И меня напугал мой напор, но то были совершенно искренние эмоции. Но и в этом я потом усомнился. Он не улыбалась мне так как я видел во снах, мне это не нравилось и я ненавидел себя за это. Мне от чего-то не нравилось сравнивать её с девушкой из сна, но и обойти сравнения я не мог – они как две капли воды.
— Нана, — она мило взглянула на меня, почему я находил милоту в её грустных глазах, — Марфа сказала, что вам приглянулись мои картины. Я могу вам показать те, что остались в доме.
— Мне тоже тогда покажешь, — перебила Марфа, тон отчего-то у неё был обеспокоенный.
— Да, конечно, тогда выйдем со стола вместе, я достану пару с чердака, напомнили мне вы про пару оставшихся там, — не всё я продал. Мне казалось, что я легче расставался с картинами чем это было на самом деле. Спрятал ведь их от купеческих глаз да и забыл.
— Раз так хорошо милок, — она успокоилась, — я твою семью знаю, воспитание тоже вижу, но боялась одних отпускать
— Марфа! — крикнул я и напугал мою прелестницу, — что бы вам в голову не приходило, выбросьте! Не нужно обо мне гадостей думать, я ни разу ничего дурного не делал, да и не думал даже. Люблю я людей, что искусство ценят, вот и предложил. Нана, если вам не удобно, — она подняла руку, после начала махать головой, мол «нет», мне стало приятно от такой реакции, правда, не знаю, соврал ли я Марфе тогда или нет.
— Не кричи. Ты такой шустрый что-то, мы могли бы и не оставаться.

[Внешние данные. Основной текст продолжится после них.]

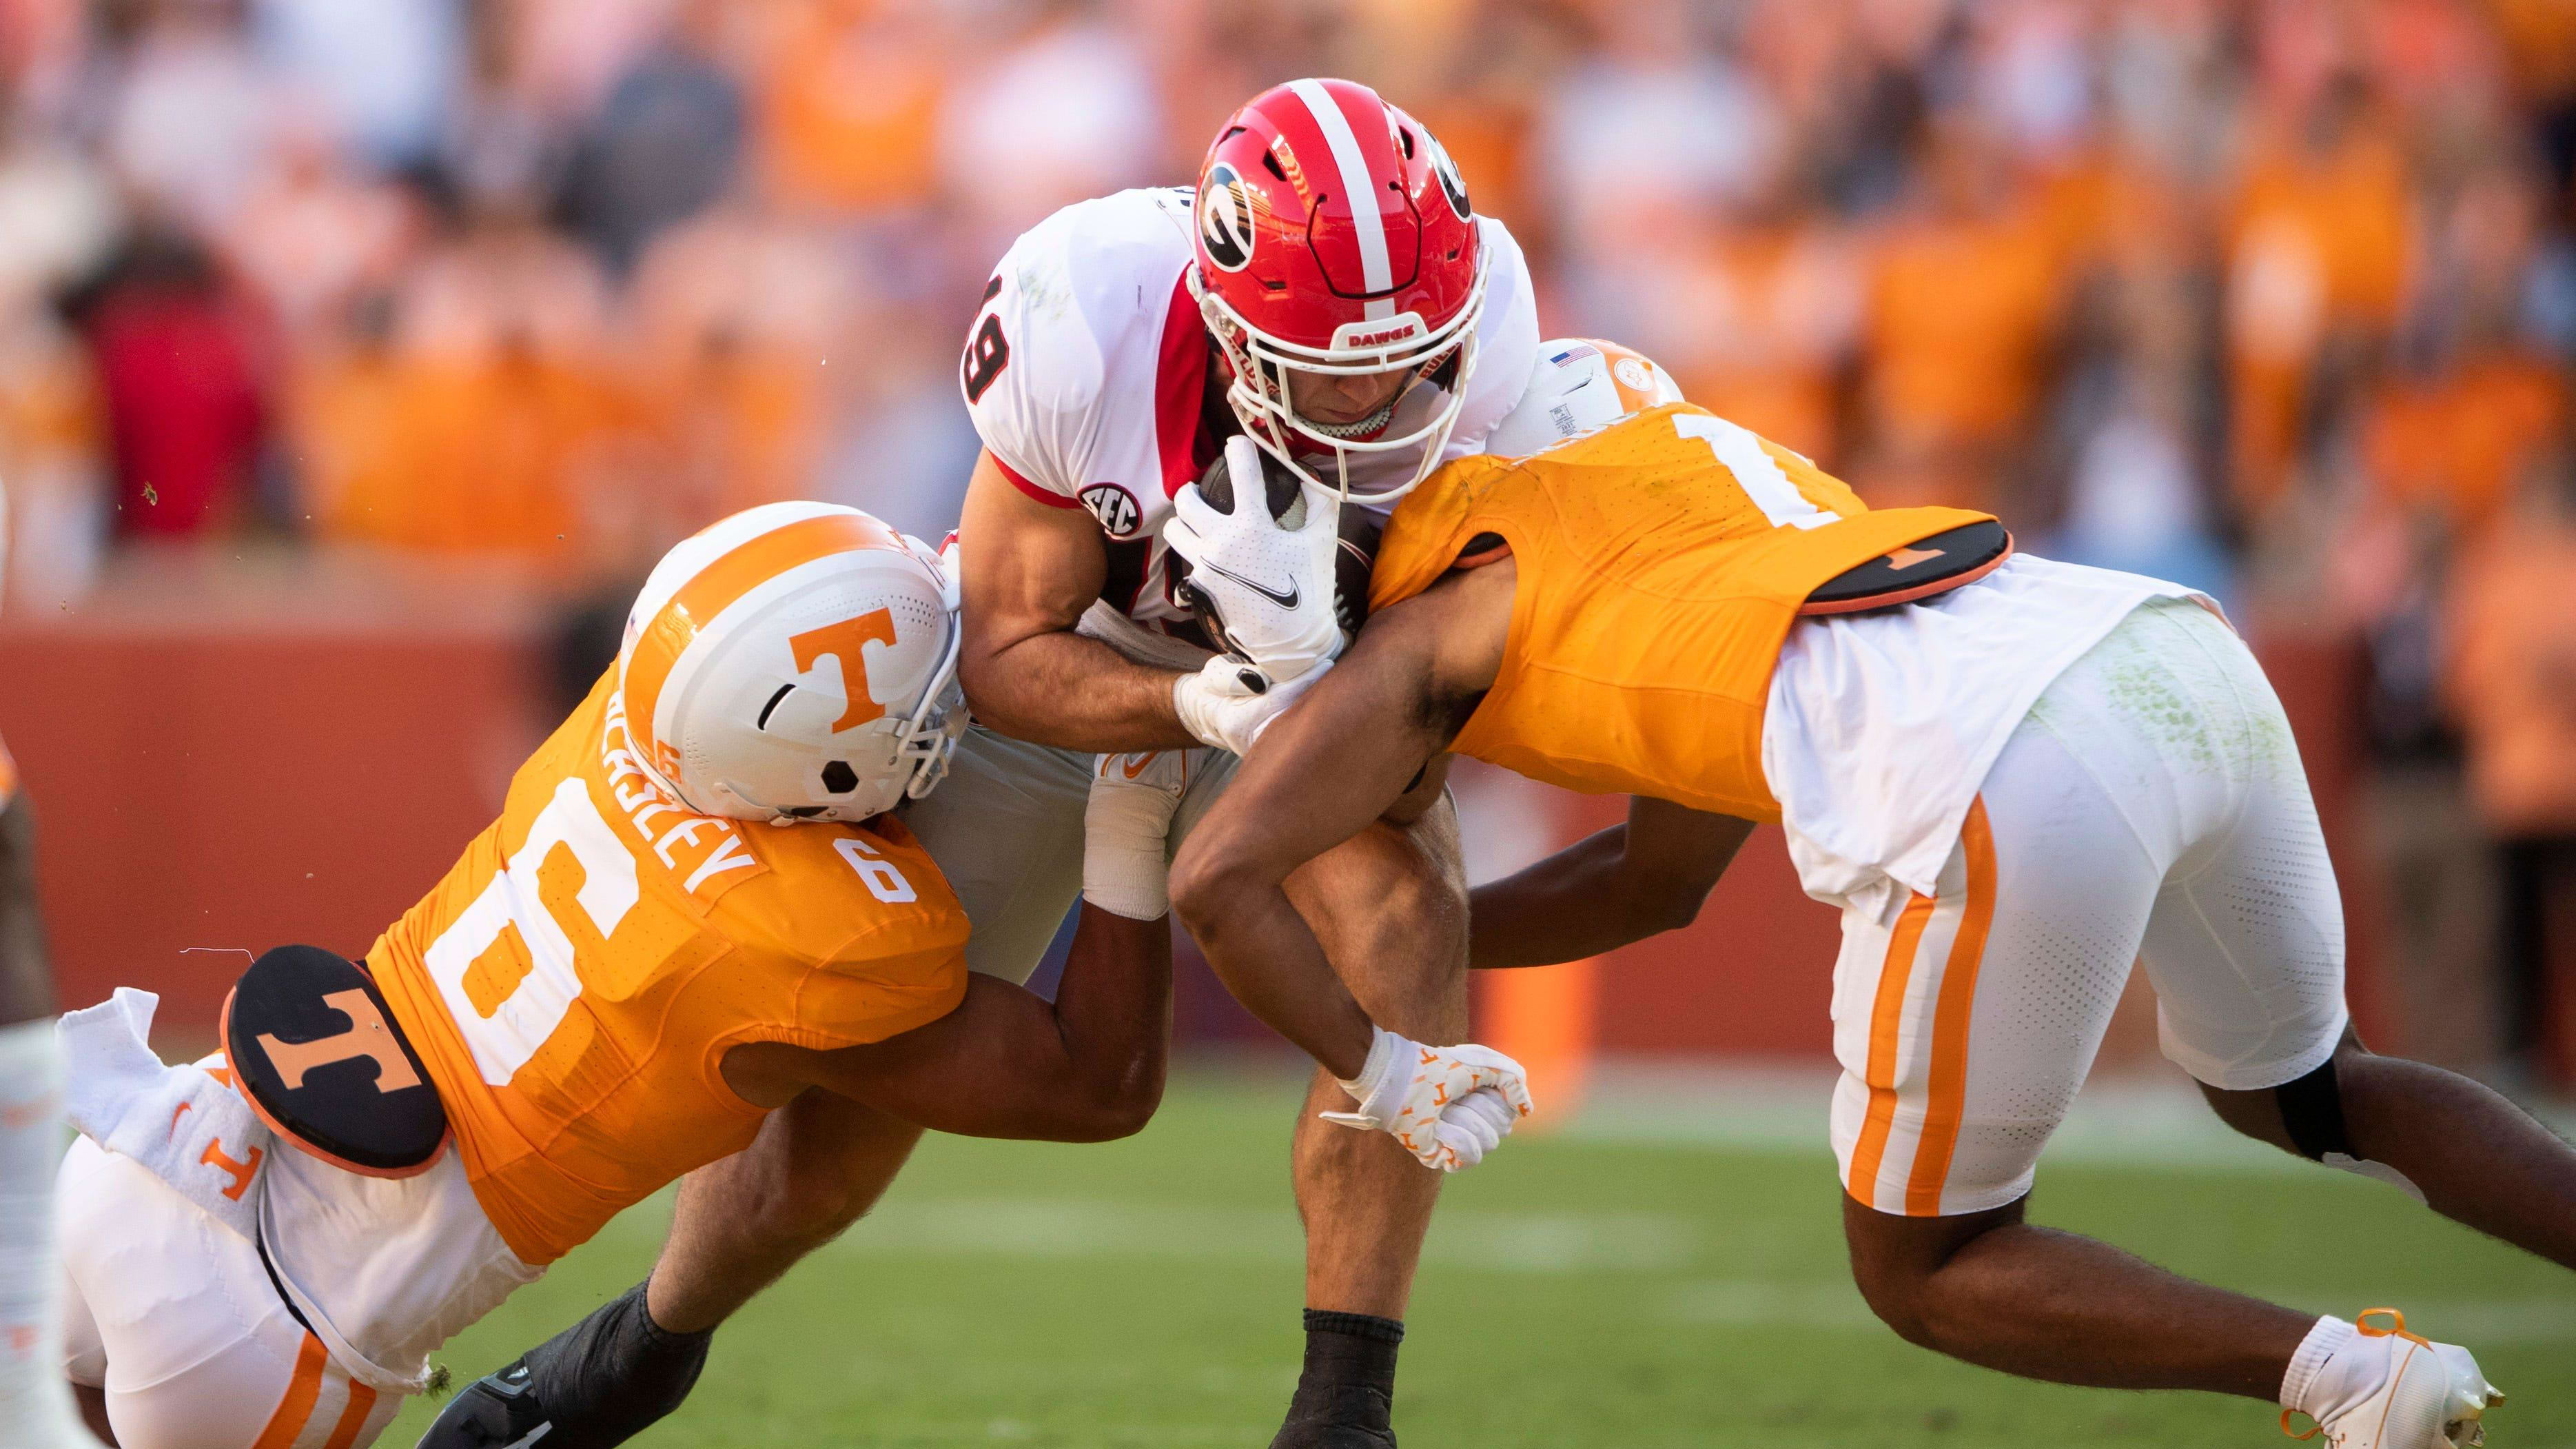 Georgia tight end Brock Bowers (19) is tackled by Tennessee linebacker Aaron Beasley (6).

Как это не оставаться – подумал я, после вспомнил, что сижу за столом с доктором и с её ученицей. Как же так сложилось. Кто в здравом уме так обрадуется людям с улицы. Судьба смеётся видя как в моей голове крутятся шестерёнки, что я давно не смазывал маслом.
Мы закончили говоря о моей простуде. Я проводил их в гостиную и попросил подождать меня пока я не сполосну посуду. Нане я этого сделать не позволил, что она за гостья такая! Марфа же приготовила самовар. Как оказалось они попросили принести одного человека продукты. О том что у меня не было даже луку я забыл. В общем вернулся я быстро, голова гудела, но стоило мне взглянуть на около окна стоящую фигуру, простуда отступала.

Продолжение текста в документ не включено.